Our approach outperforms strongest ED baselines [6][8] on ZELDA benchmark and EL baselines [8], [10], [13] on GEBIL benchmark [12].

2 Related Work↩︎ Entity Disambiguation.

Existing ED approaches typically fall into two main categories: classification approaches and generative approaches.

For classification approaches, LUKE [6] and FEVRY [7] are two of the most well-known approaches due to their strong performance. LUKE is based on masked entity prediction. During the pre-training, LUKE combines input text and ground-truth entities as input tokens. Then, it randomly masks entities from those ground-truth entities and predict those masked entities by leveraging both the input text and those unmasked entities. Their model is trained on a large entity-annotated corpus obtained from Wikipedia and achieves the current SoTA in several ED benchmark datasets.

For generative approaches, GENRE [8] uses BART weights from [2] and is trained on a Wikipedia corpus, learning to generate entity names in an autoregressive manner, conditioned on the provided context. At inference, GENRE employs a constrained beam search strategy that forces each generated name to be in a predefined entity set.

Conventionally, ED methods are evaluated on six datasets, MSNBC, AQUAINT, ACE2004, WNED-CWEB (CWEB) and WNED-WIKI (WIKI) [14], [15]. Nevertheless, as shown in [9], those different ED methods use significantly different amounts of training data (ranging from 2 to 20 million annotated text) obtained with diverse sampling methodologies and enhanced weak labels [16], [17], and completely different knowledge bases (ranging from few thousands to over 6 million) from different sources, YAGO [18] or KILT [19] and different candidate lists [20], [21]. Thus, comparing various approaches is highly challenging. It is impossible to conclude which approach performs best [9].
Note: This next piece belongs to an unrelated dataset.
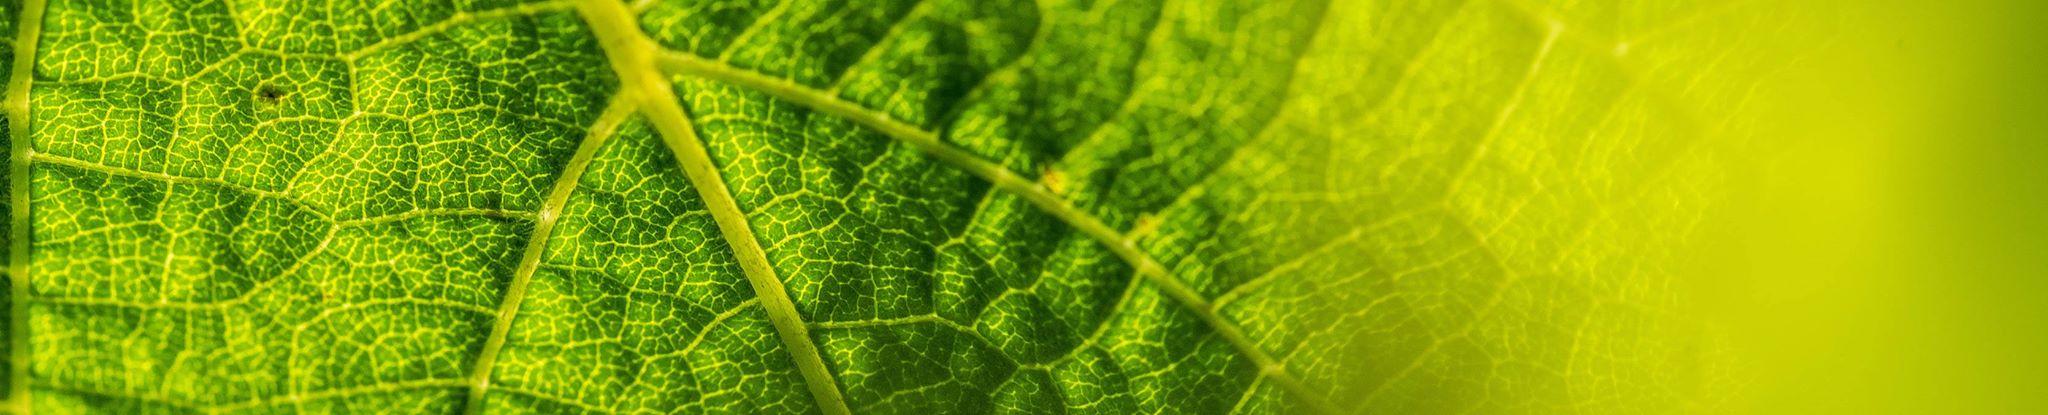 Vins Bio d'Alsace - Domaine De l'Envol

ZELDA [9] benchmark is proposed to unify the training data set, entity vocabulary, and candidate lists to facilitate direct comparability of ED approaches. For this reason, we compare our approach with SoTA approaches on ZELDA benchmark. Our experiment is rigorously conducted using the same training data, entity vocabulary, and candidate lists without additional information from Wikipedia or using weak labels. Entity Linking.

Different from ED, the key challenge of EL is its significantly large search space. A system can potentially generate any subset of conceivable spans in the document, each of which could correspond to an entity in a large KB, typically containing millions of entities. To manage this overwhelming scale, existing approaches break down EL into two stage tasks: mention detection (MD) and entity disambiguation (ED). These tasks are often tackled with varying degrees of independence.

In most of these approaches, the sequence of subproblems is consistent: first, the system identifies possible entity mentions, and then it links these mentions to specific entries in the given knowledge base. This MD\(\rightarrow\)ED classic pipeline is utilized in most methods. They either assume that mentions are provided in advance, following the example of [22] or take a different route by employing readily available entity recognition systems to first identify mentions and then disambiguate them through the ED process, as evidenced in the works of [20], [23]. Furthermore, some research [8] trains an end-to-end autoregressive model that jointly performs MD\(\rightarrow\)ED by beam search.

Recently, [10] has shown that the classic MD \(\rightarrow\) ED approach suffers from identifying mentions without prior knowledge of their corresponding entities, which is unnatural and challenging. To fix this problem, the authors flip the order of MD and ED, and propose an ED \(\rightarrow\) MD pipeline. Their key observation is that finding relevant candidate entities is easy without the knowledge of their specific mentions. Their ED \(\rightarrow\) MD approach achieves SoTA results on the in-domain AIDA-CoNLL dataset [20] and GERBIL benchmark [12]. Although their retriever (select top-\(k\) candidate entities) performs remarkably well, the majority of errors are attributed to their reader (which predicts the final entities and mention spans).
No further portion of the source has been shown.